A juventude e a ruptura com o establishment: Paiva, Timas e outros
A política contemporânea tem visto a ascensão de uma juventude política que desafia as hierarquias tradicionais. Personagens como Milton Paiva e Andry Timas representam essa vanguarda: juristas, estrategas e comunicadores que, nos últimos anos, foram trazidos para o centro das atenções como parte de uma tentativa de renovação interna do MpD. Esta estratégia, todavia, parece ter sido insuficiente para contrabalançar um clima crescente de insatisfação. Pelo contrário: a integração de jovens quadros sem a concomitante abertura de espaços decisórios efetivos pode ter contribuído para uma sensação de tokenismo isto é, inclusão sem poder real — que, em muitos partidos ocidentais recentes, gerou frustrações comparáveis (pense‑se nas tensões internas no Partido Democrata dos EUA durante as primárias de 2016 e 2020).
O desmantelamento da estrutura partidária nos EUA: um exemplo de liderança centralizadora
Outro elemento crítico é o episódio amplamente reportado de desmantelamento, por ordem de Ulisses, de uma equipa nos EUA reconhecida por possuir uma das melhores estruturas organizativas partidárias fora do arquipélago. Esta decisão remete para um padrão que encontramos em democracias consolidadas: líderes que, receosos de perder controlo, preferem desarticular mecanismos internos de fortalecimento organizacional em favor de uma cadeia de comando rígida. Tal comportamento ecoa, em parte, o que observou Juan Linz em seus estudos sobre regimes democráticos sob tensão: quando a liderança se distancia das bases e de estruturas intermediárias de poder, a coesão organizacional tende a diluir‑se, abrindo espaço para dissensões e rupturas.

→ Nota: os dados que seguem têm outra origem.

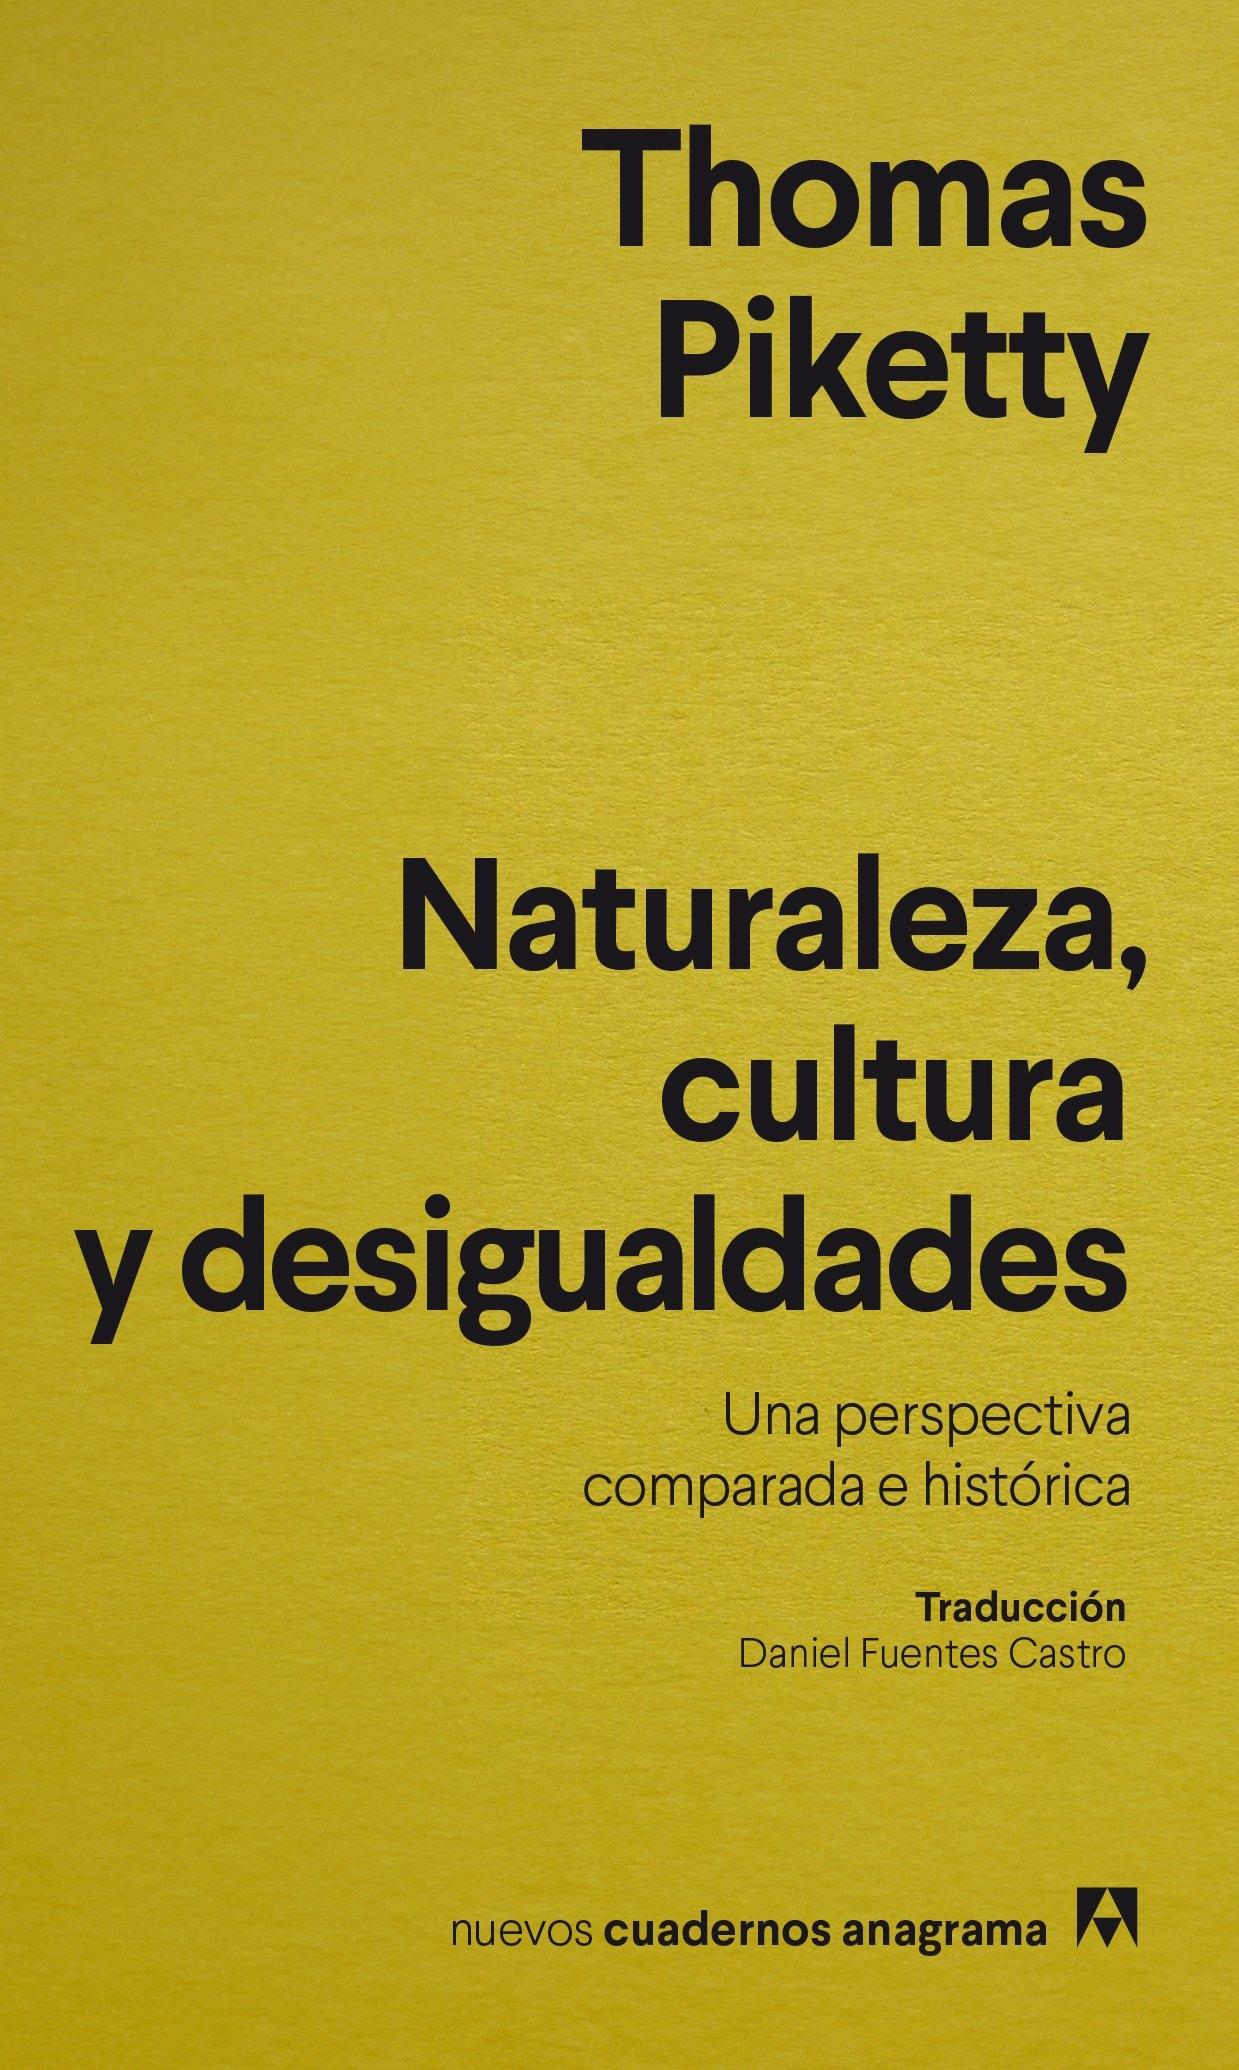 Naturaleza, Cultura y Desigualdades "Una Perspectiva Comparada e Histórica "

Ulisses isolado: entre inflexibilidade e obstinação
Se há um traço que perpassa as críticas internas ao estilo de liderança de Ulisses, esse é a acusação de inflexibilidade. A recusa em negociar, a percepção de superioridade sobre as bases e a relutância em integrar vozes dissonantes reforçam a ideia de um líder encurralado, possivelmente preso à sua própria concepção de autoridade. Neste particular, podemos recordar Lyndon B. Johnson nos finais dos anos 1960, quando, apesar de ainda dominante, enfrentou oposição interna no Partido Democrata que questionava a sua condução da Guerra do Vietname: o resultado foi um isolamento político que acelerou a sua saída do cenário.
Hoje, Ulisses Correia e Silva enfrenta um dilema parecido: ainda no comando formal do MpD, mas simultaneamente rodeado por descontentamento interno e pela perda de figuras centrais. Segundo relatos de bastidores, o líder tem passado noites inquietas, reflexo não apenas de um desgaste físico, mas sobretudo de um desgaste político acumulado ao longo de anos de “decisões acima do partido”.
O futuro do MpD e a lição das organizações políticas
O que está em jogo no MpD não é apenas a sobrevivência de um líder ou a vitória eleitoral de uma sigla: trata‑se de uma questão de legitimidade interna e de capacidade de adaptação às exigências de uma base mais plural, mais crítica e mais independente. A forma como o partido gere as tensões entre tradição e inovação, entre estrutura e participação, determinará não só o seu destino nas eleições iminentes, mas também seu papel na consolidação da democracia cabo‑verdiana. Historicamente, as organizações políticas que conseguem sobreviver a crises internas são aquelas capazes de reinventar consensos, acolher dissensões e redefinir redes de solidariedade politica não as que isolam o líder no topo do organograma. O que se testemunha no MpD é muito mais do que um desgaste individual: é um espelho do desafio permanente das democracias modernas em equilibrar liderança e participação, autoridade e abertura.